You get JSON summaries, CSV tables, and plots in the output directory.

---

## Input format

Both CSVs need:

1. A **text column** (default: `findings` for reference, `predicted_report` for predictions; override with `--reference_text_column` / `--prediction_text_column`).
2. A **demographic column** with exactly **two** values (e.g. M/F, White/Black, young/old). Default column name is `PatientSex` if you don’t pass `--label_column`.

Example:

| PatientSex | findings              |
|------------|------------------------|
| M          | No acute findings.     |
| F          | Normal heart size.     |

---

## Parameters (only the important ones)

| Parameter | Default | Why it matters |
|-----------|---------|----------------|
| `--reference_csv` | *(required)* | Path to reference (ground-truth) CSV. |
| `--prediction_csv` | *(required)* | Path to model-output CSV. |
| `--output_dir` | `./cad_output` | Where to write results. |
| `--label_column` | `PatientSex` | Column that holds the two groups (e.g. sex, race). |
| `--group_a` | `F` | First group value (e.g. F, White). |
| `--group_b` | `M` | Second group value (e.g.
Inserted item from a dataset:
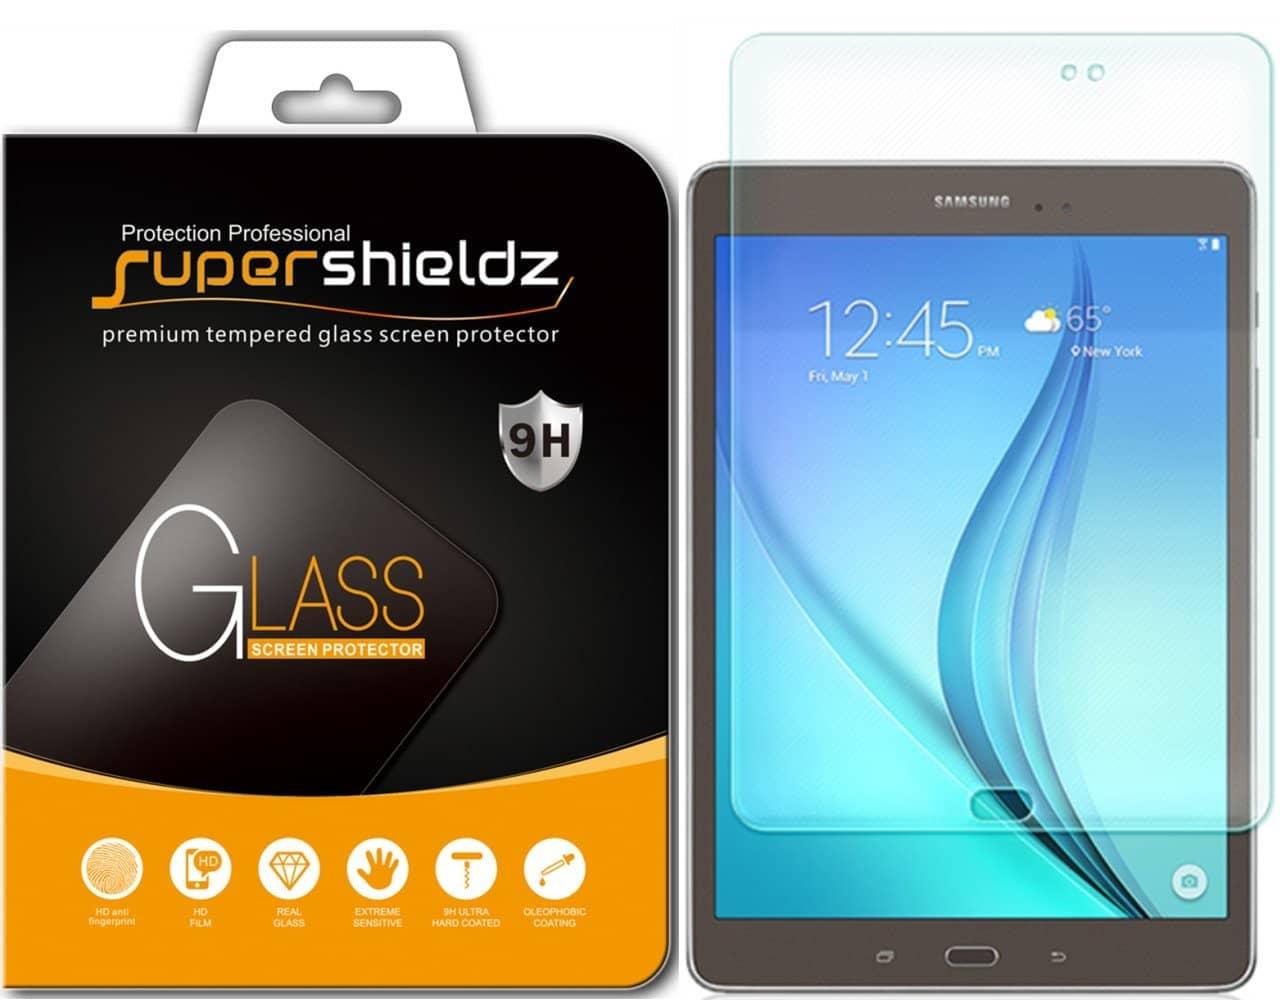 E Premium Tempered Glass Screen Protector Film Guard for Samsung Galaxy Tab A

M, Black). |
| `--alpha` | `0.1` | Smoothing for rare words; keeps log-odds stable. |
| `--min_freq` | `1` | Ignore words with fewer than this many occurrences. |
| `--significance_level` | `0.0455` | P-value for “strong” association; lower = stricter. |
| `--neutral_significance` | `0.317` | P-value for “neutral”; higher = more words treated as neutral. |
| `--displacement_significance` | `0.01` | P-value for when a word is considered “displaced”. |
| `--wae_weight` | `total` | How to weight words: `total`, `ref`, or `pred`. |
| `--bootstrap_samples` | `1000` | Number of bootstrap samples for WAE confidence intervals. |
| `--stopwords_path` | — | Optional file with extra stopwords (one per line). |
| `--no_stopword_removal` | `False` | Turn off stopword removal. |
| `--demo` | `False` | Run on built-in demo data (no CSVs needed). |

---

## Paper and citation

This tool supports the methodology described in our paper on lexical fairness in clinical text (e.g. radiology report generation).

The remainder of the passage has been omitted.